Tuesday, April 30, 2013

Book Review: Middlesex

Title Middlesex

Author Jeffrey Eugenides

Release Date September 16, 2003

"I was born twice: first, as a baby girl, on a remarkably smogless Detroit day of January 1960; and then again, as a teenage boy, in an emergency room near Petoskey, Michigan, in August of 1974. . . My birth certificate lists my name as Calliope Helen Stephanides. My most recent driver's license...records my first name simply as Cal."

So begins the breathtaking story of Calliope Stephanides and three generations of the Greek-American Stephanides family who travel from a tiny village overlooking Mount Olympus in Asia Minor to Prohibition-era Detroit, witnessing its glory days as the Motor City, and the race riots of 1967, before they move out to the tree-lined streets of suburban Grosse Pointe, Michigan. To understand why Calliope is not like other girls, she has to uncover a guilty family secret and the astonishing genetic history that turns Callie into Cal, one of the most audacious and wondrous narrators in contemporary fiction. Lyrical and thrilling, Middlesex is an exhilarating reinvention of the American epic.
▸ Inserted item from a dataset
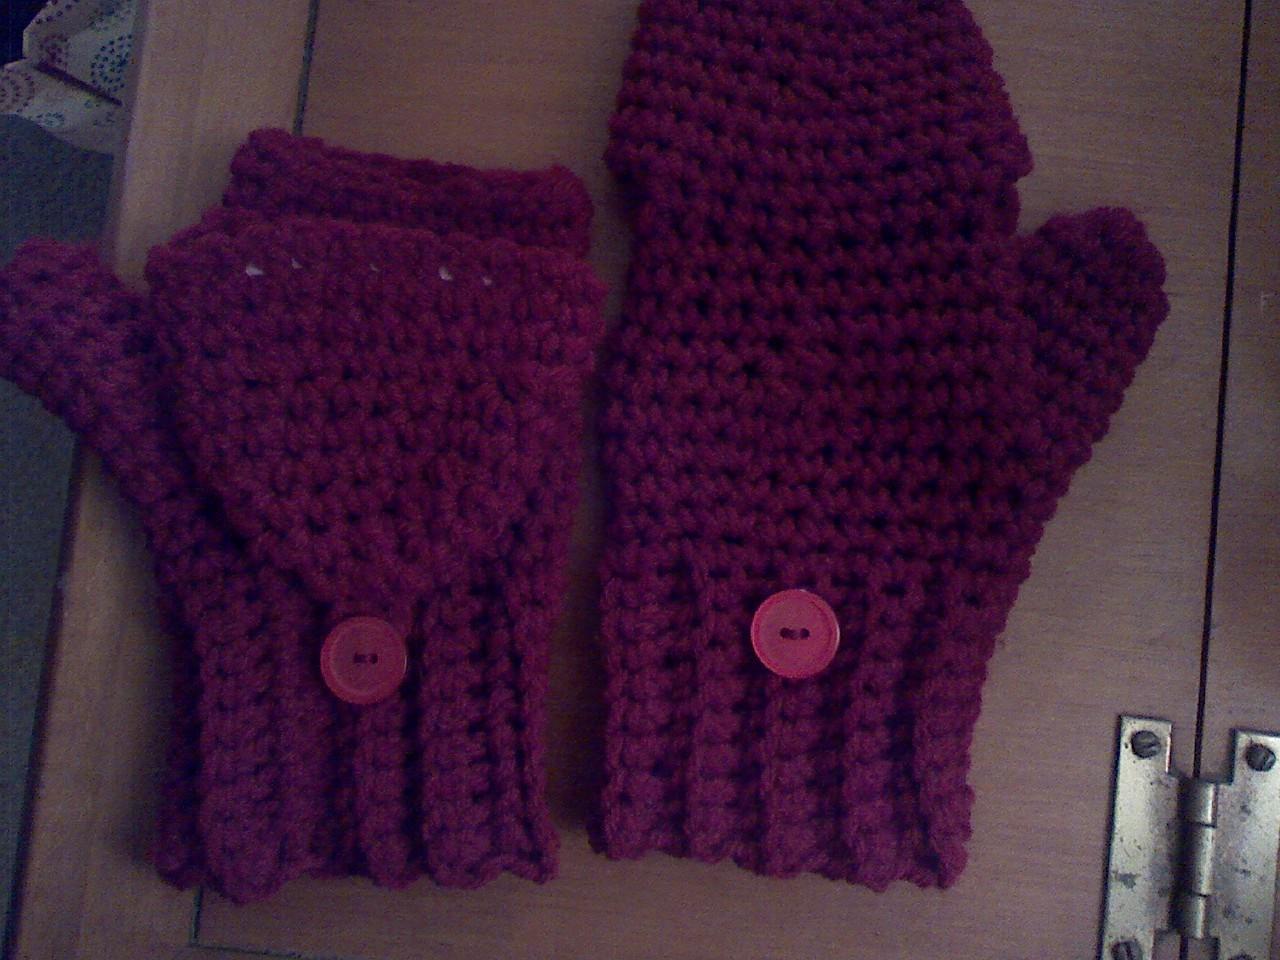 Free Crochet Patterns Flip Top Mittens : The Nutritarian Family: Fingerless Gloves, Mittens, Flip ...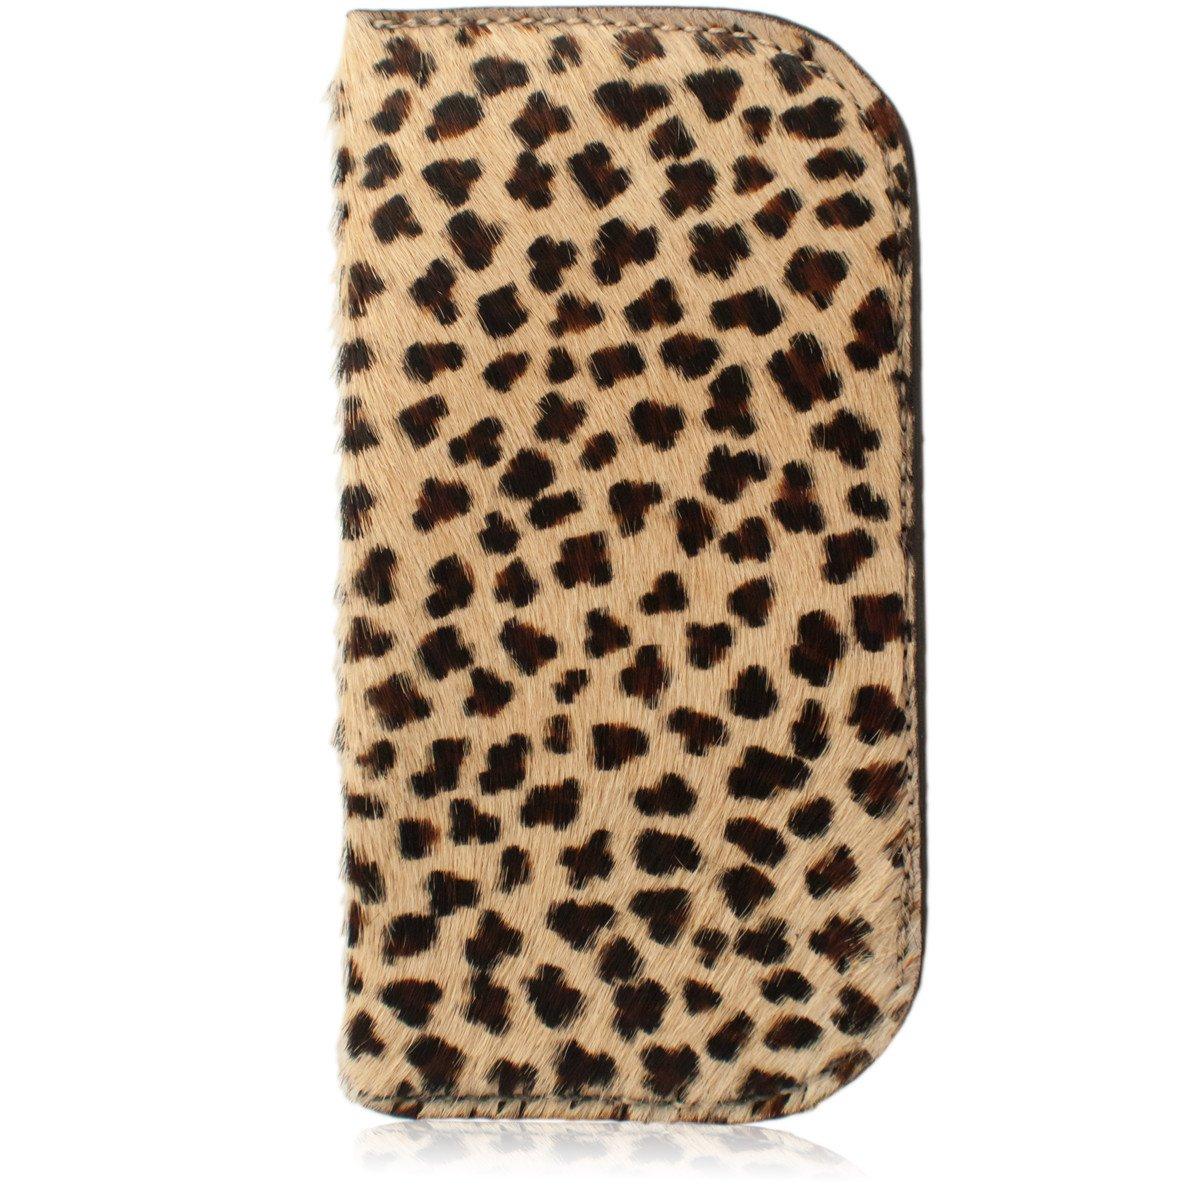 Furry Cheetah Leopard Print Genuine Leather Soft Glasses Case

Normally, when a book takes me a while to read it's because I find the book uninteresting. Oddly, that wasn't the case with Middlesex. While it did take me a while (two weeks on one book is a rather long time for me) to read, I enjoyed the book.

I had seen Middlesex in both the library and in bookstores. I had even read the little blurb a few times. It took a while for me to add it to my to-read list and even longer for me to actually work up the courage to delve into it. After hearing from my mother that the book was good, I decided to move it to the front of my to-read list.

Middlesex was a long journey. Eugenides is thorough in his storytelling, but sometimes I felt like it was a bit long-winded. I was able to trudge through the parts I found less than interesting (boring would definitely not be the word I'd use) and I devoured the more interesting parts. Even with its ups and downs, Middlesex was a really good book.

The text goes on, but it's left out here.